Выйдя из кафе, они вернулись к зданию полиции, капитан вывел со стоянки свою "девятку" и открыл Нике переднюю дверь. Ехали молча. До тех пор, пока Белькевич не заметил, что за ними со зловещей неспешностью следуют три внедорожника – два серебристых и черный. Он сбавил ход и махнул в окошко рукой – обгоняйте, мол. Но оба лендкрузера и шевроле невозмутимо продолжали плестись следом.
– Разбаловались ребятишки, – хмыкнул капитан и прибавил газу. Добровольный эскорт не отставал. – Совсем ополоумели, что ли? Полицейской формы не видят? Ну, я им сейчас покажу!
– Не надо! – торопливо сказала Ника, подозревая, что он собирается выскочить из машины, чтобы "разобраться" с преследователями. – Если эти люди от Подольской, они не посмотрят на вашу форму…
Белькевич скосил на нее глаз и полез в карман за мобильником. В ту же минуту шевроле и одна из тойот рванули вперед. Тойота поравнялась с "жигуленком", а шевроле обогнал их и начал сбавлять ход.
– Черт! – Белькевич выронил трубку, вцепился в руль и ударил по тормозам.

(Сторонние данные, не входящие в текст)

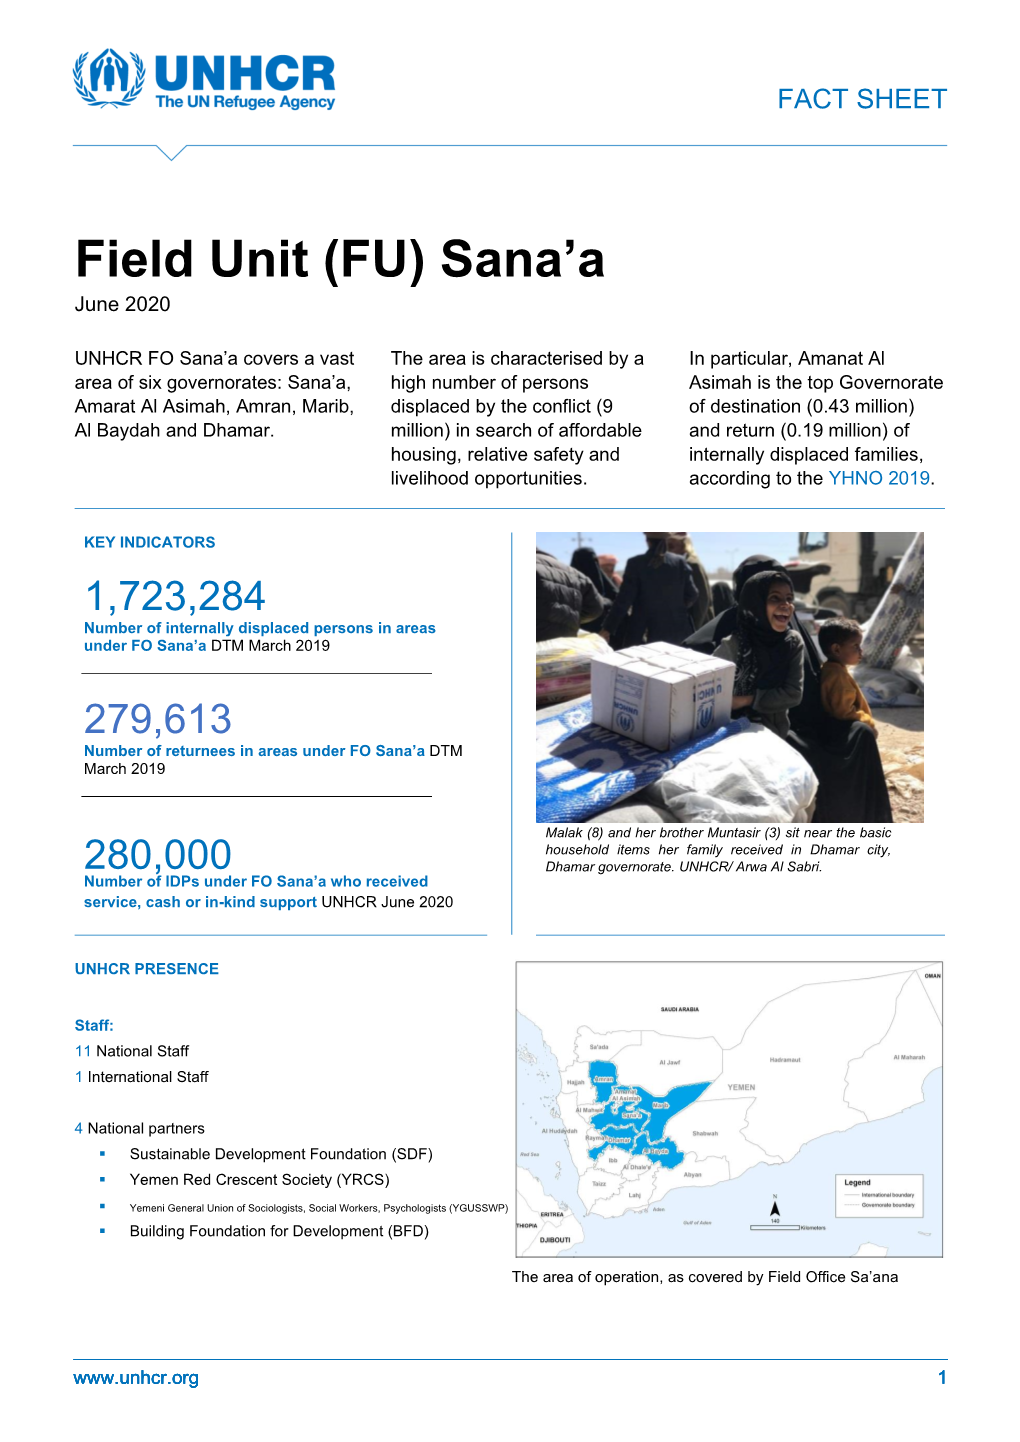 Field Unit (FU) Sana'a

Из передней машины вылез плотный мужик с кривым носом и как будто вдавленным в череп лицом. Неторопливым шагом он приблизился к "жигуленку", постучал согнутым пальцем по стеклу со стороны Ники. Она покрутила ручку, припустив стекло, и выжидательно посмотрела на "боксера".
– Включите мобильник, барышня, – недовольно буркнул тот, склонившись к окну.

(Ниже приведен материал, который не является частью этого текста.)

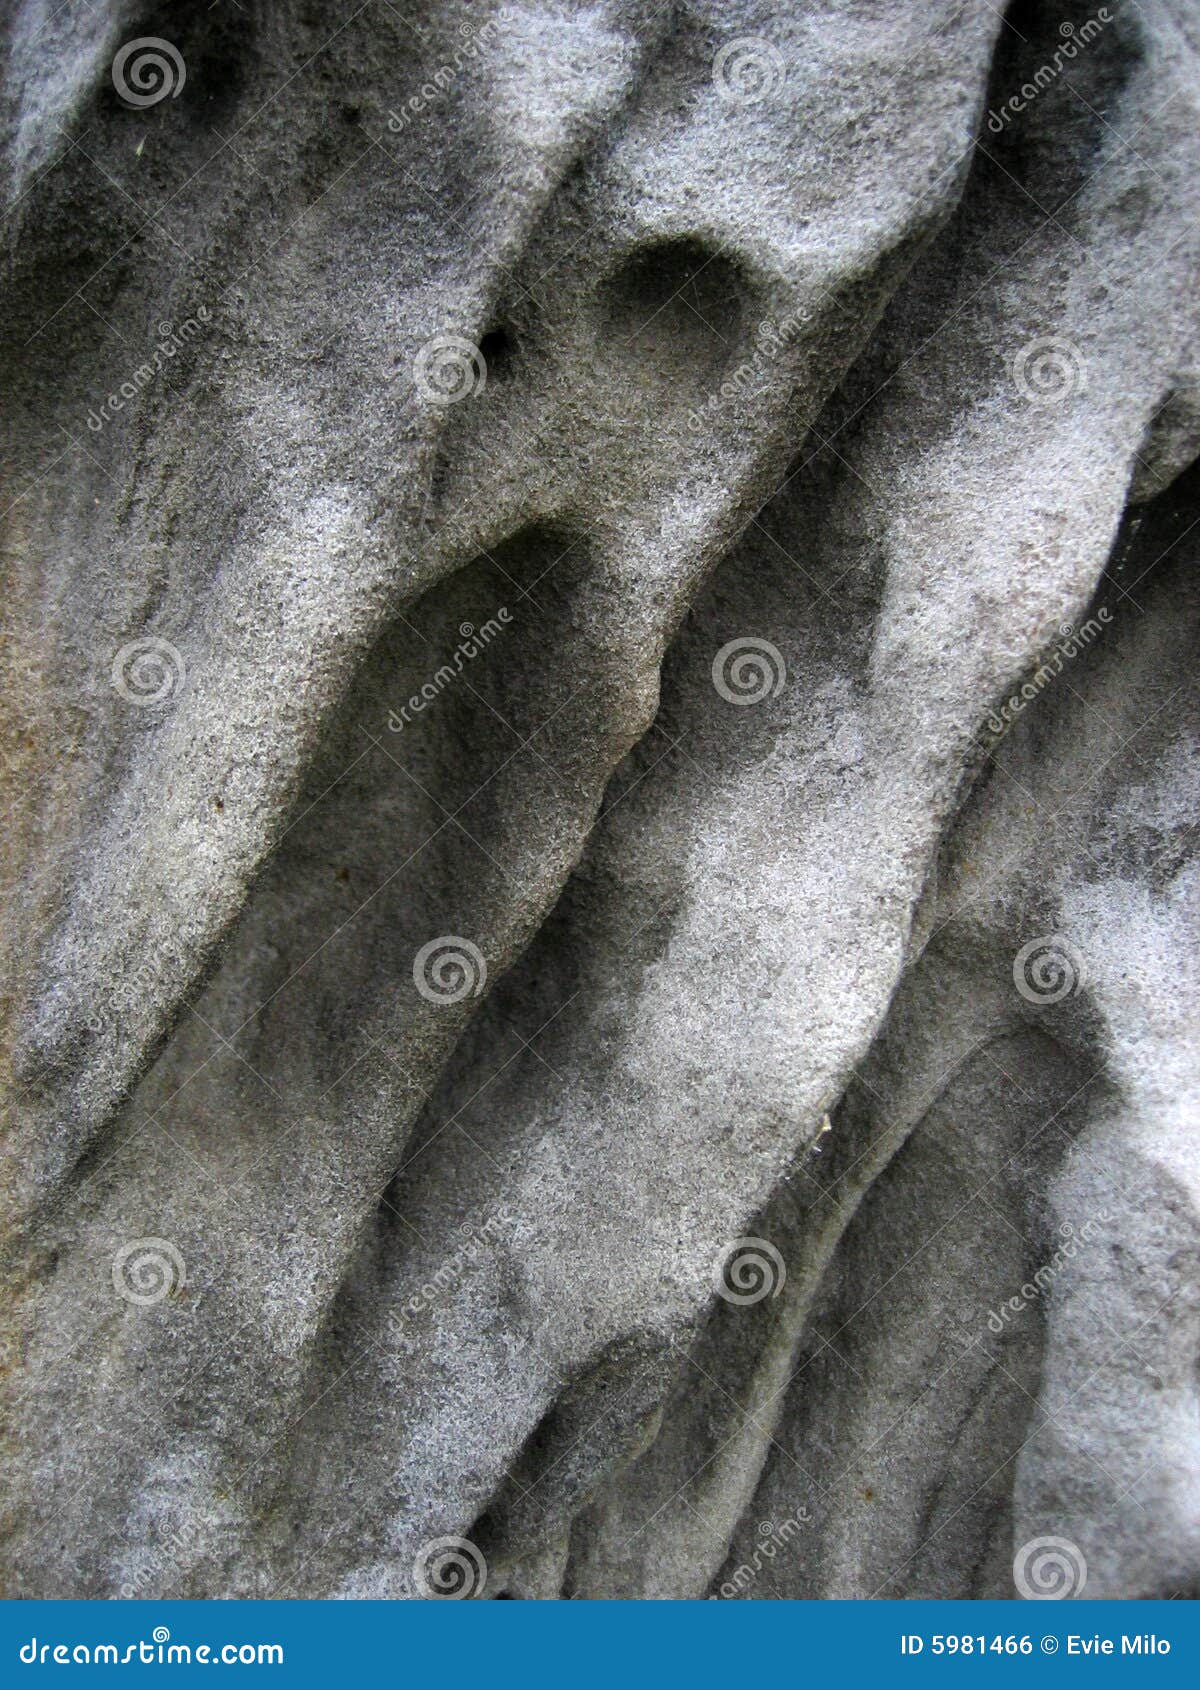 eroded stone

Ника неловко (руки плохо слушались) открыла сумку, перерыла содержимое и нашла свою "алкательку". Так и есть, пустой экран. Видимо, она прижала сумку к себе и случайно надавила на кнопку, отключающую аппарат. Мобильник мелодично дзыньнкул и через минуту нашел сеть. А еще через минуту заиграл "Кампанеллу". Еще не веря своему счастью, она поднесла к уху телефон и нажала на кнопку.
– Ника у вас все в порядке? – донесся до нее взволнованный голос босса.
– Я чувствовала себя заключенной, которую везут под конвоем! – возмущалась Ника, вышагивая рассерженной тигрицей перед рабочим столом Игната.
– Простите, – в двенадцатый раз повторил он.
– Как вам вообще пришло в голову обратиться к этим бандитам?
– Я обратился только к одному бандиту. И его вот уже лет десять никто так не называет. Нынче он – Очень Высокопоставленное Лицо. А что до причин, то я вам все уже объяснил. Я допустил ошибку и запаниковал.
– Никакой ошибки вы не совершали. Пётр Серегин не из тех, кто выбалтывает доверенные ему секреты. И он не убивал Терещенко. Я же вам говорила!
– Говорили, – согласился Игнат. – Но вы тогда не знали, что он любовник Подольской.
– Любовник! – фыркнула Ника. – Не сказала бы, что это подходящее слово для описания их отношений.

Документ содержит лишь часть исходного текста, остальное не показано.